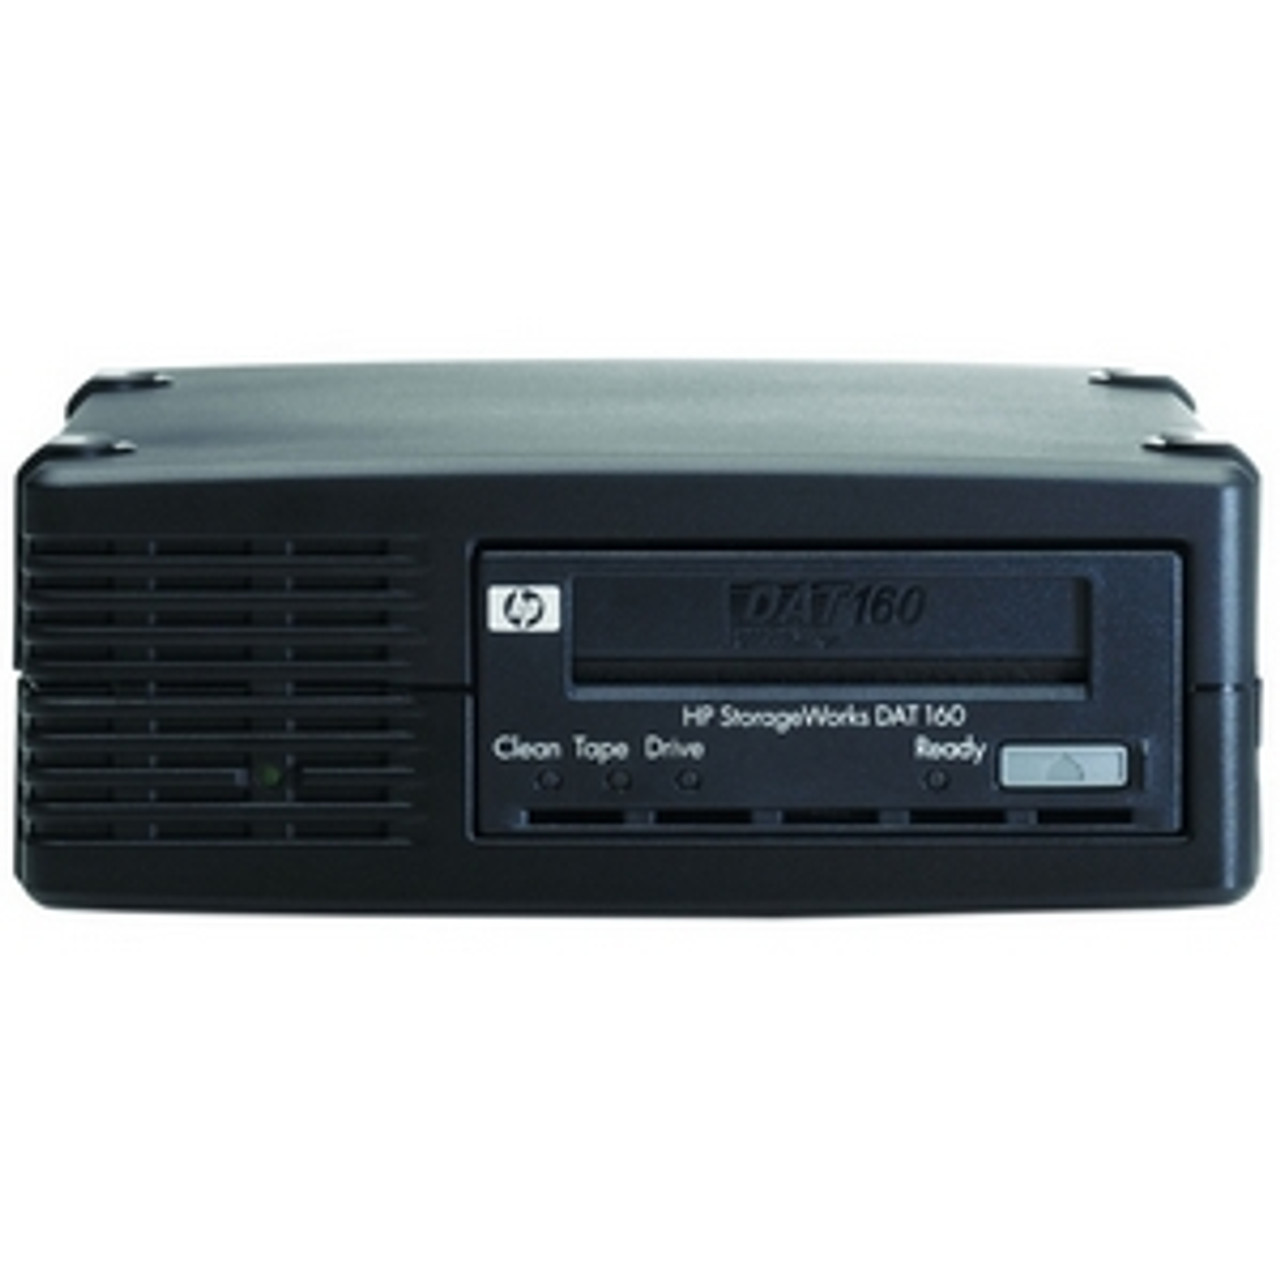 Q1573A - HP Storageworks DAT160 80GB (Native)/160GB (Compressed) DDS-4 SCSI LVD Internal Tape Drive
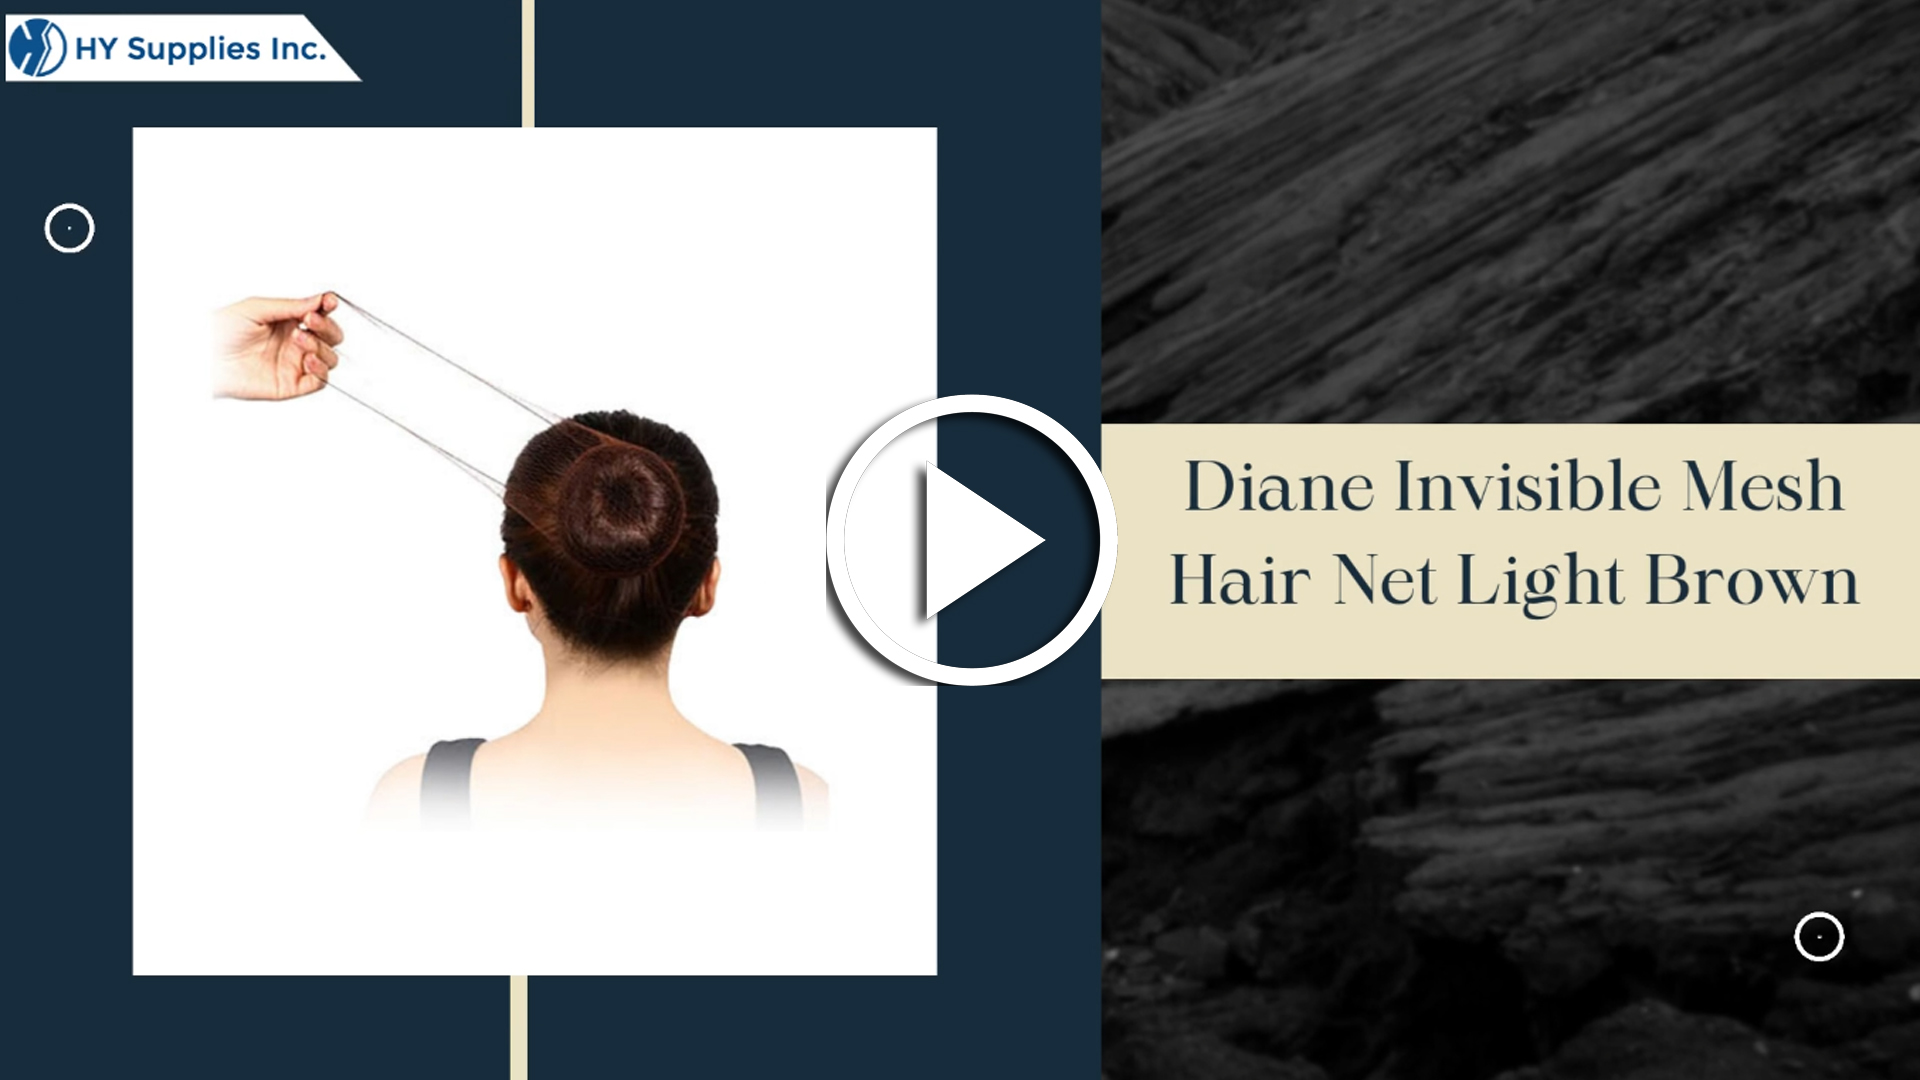 Diane Invisible Mesh Hair Net Light Brown
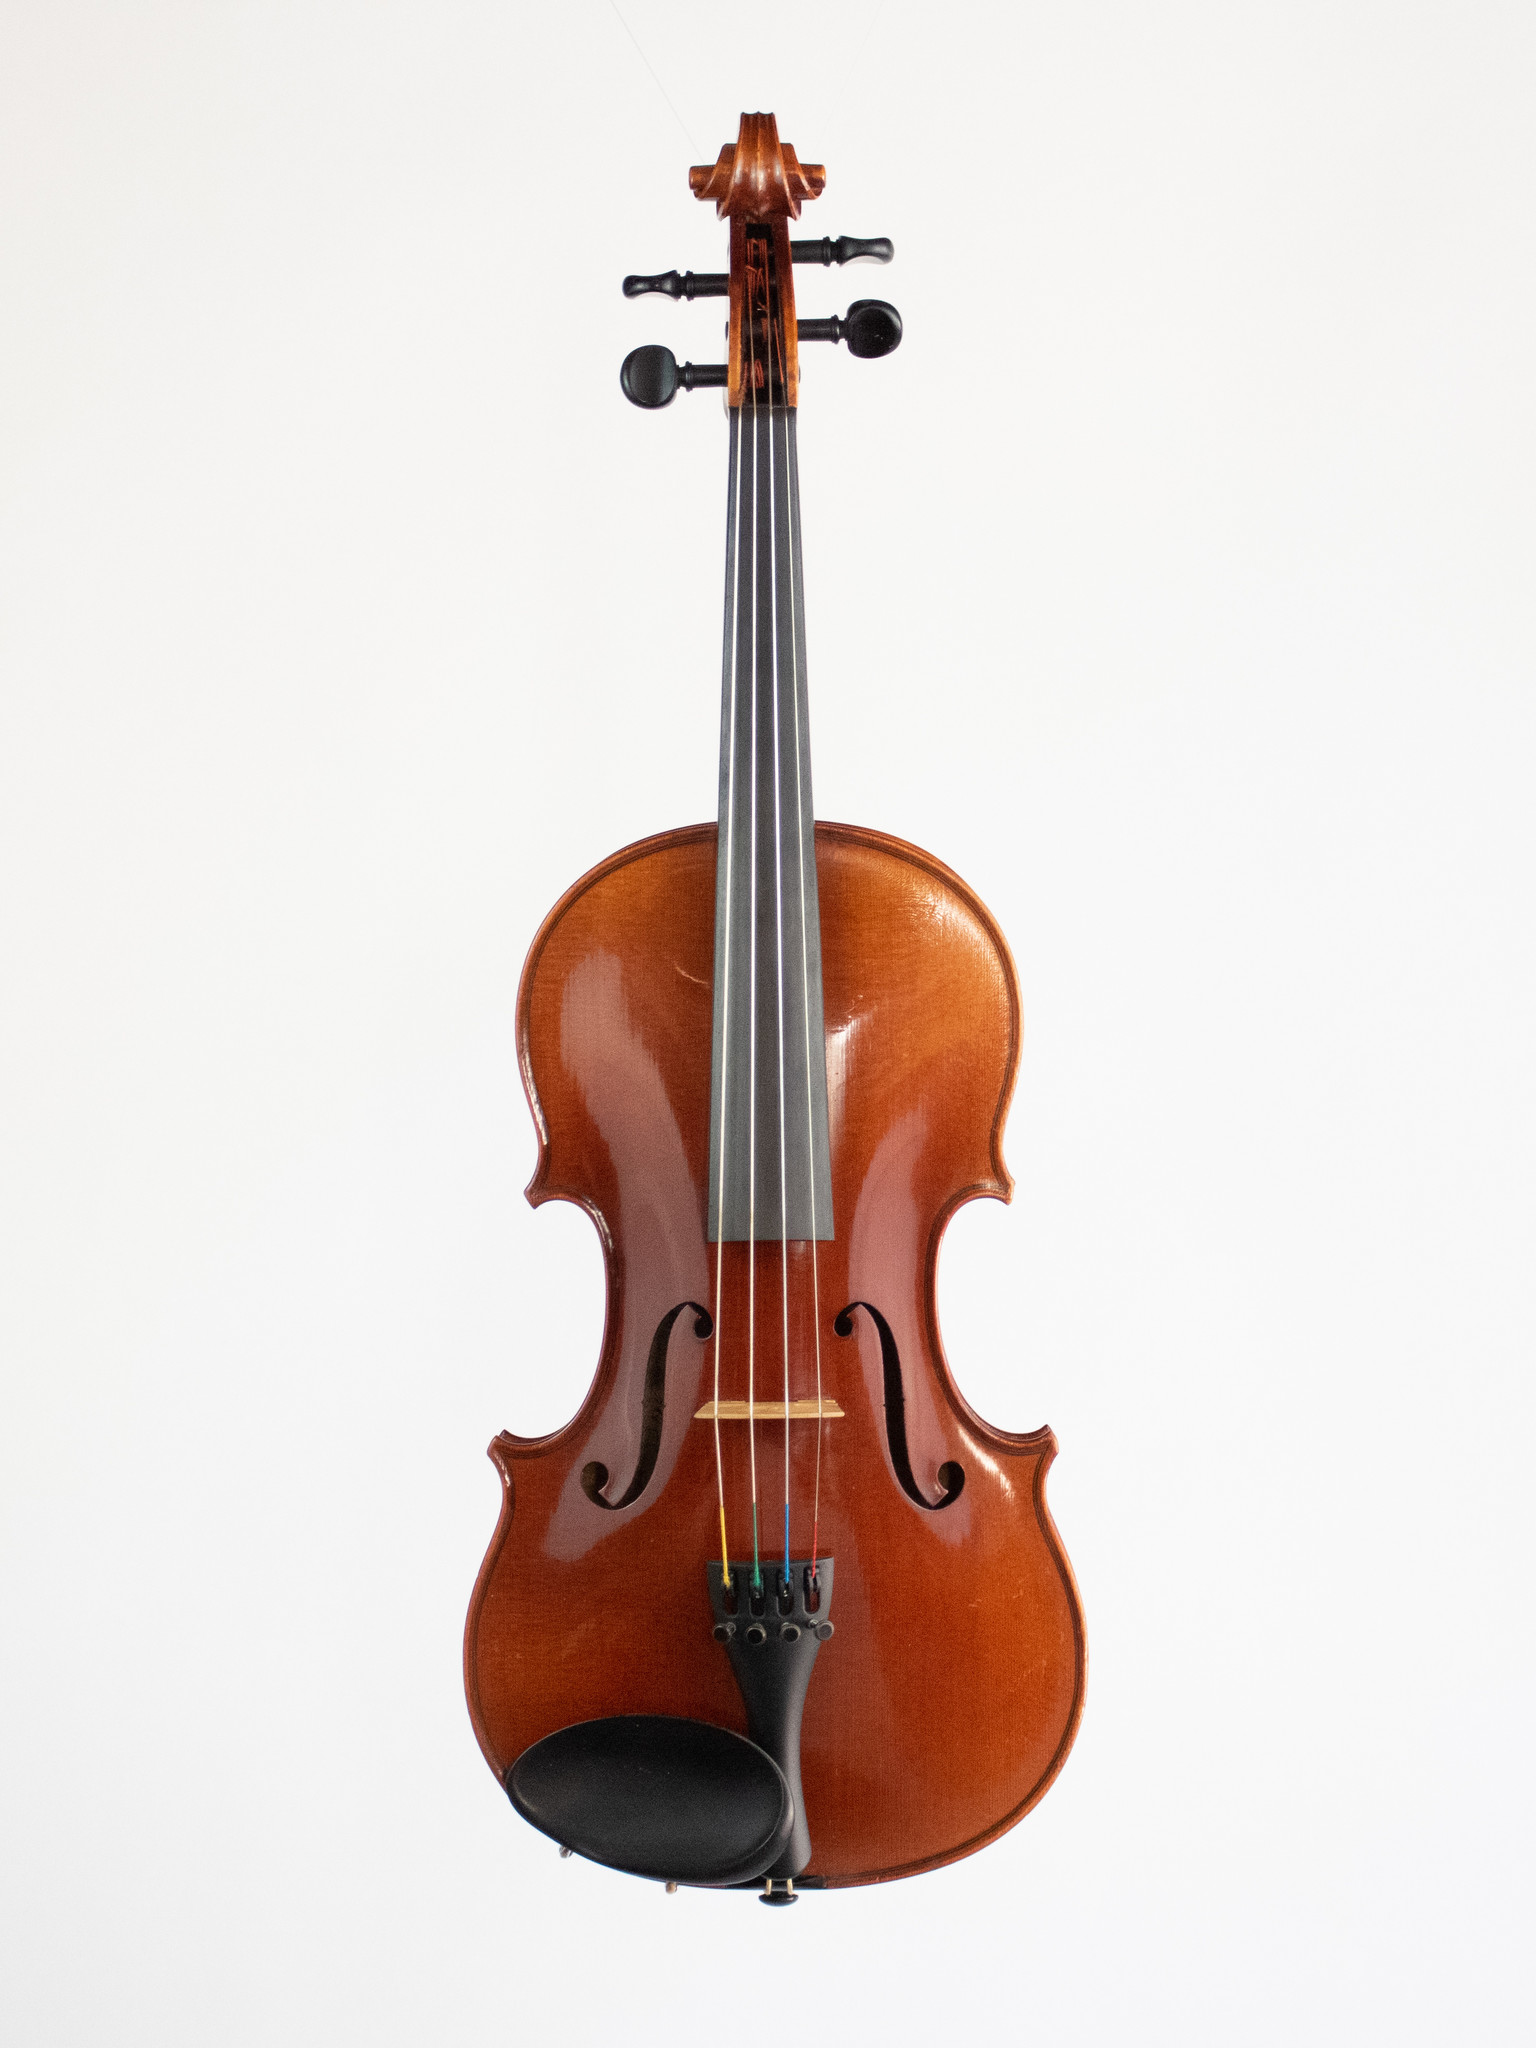 Oskar Meinel 1936 violin, Strad 1714 model 12, Markneukirchen, GERMANY
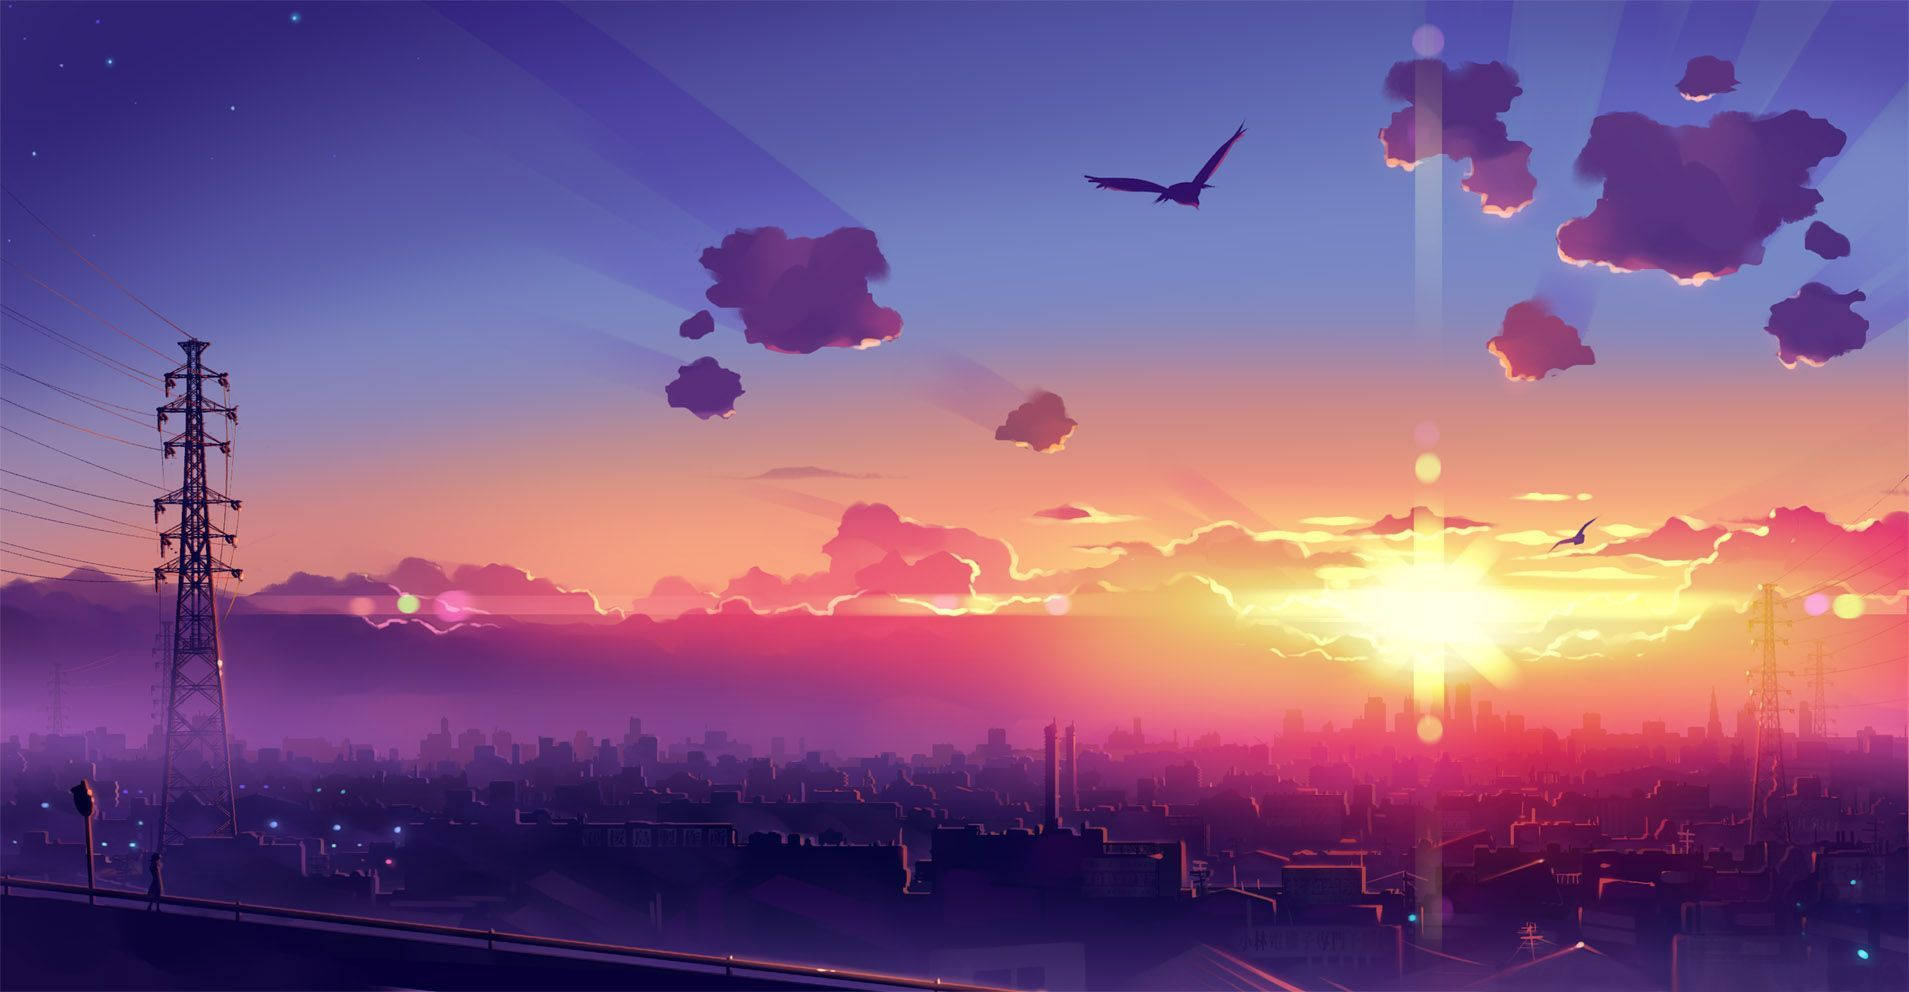 Beautiful Sunset Anime Scenery Background
########################################
What to do: Please output every line of the listing as it stands, and omit its images.

Reply:
 Q1573A - HP Storageworks DAT160 80GB (Native)/160GB (Compressed) DDS-4 SCSI LVD Internal Tape Drive
 Diane Invisible Mesh Hair Net Light Brown
 Oskar Meinel 1936 violin, Strad 1714 model 12, Markneukirchen, GERMANY
 Beautiful Sunset Anime Scenery Background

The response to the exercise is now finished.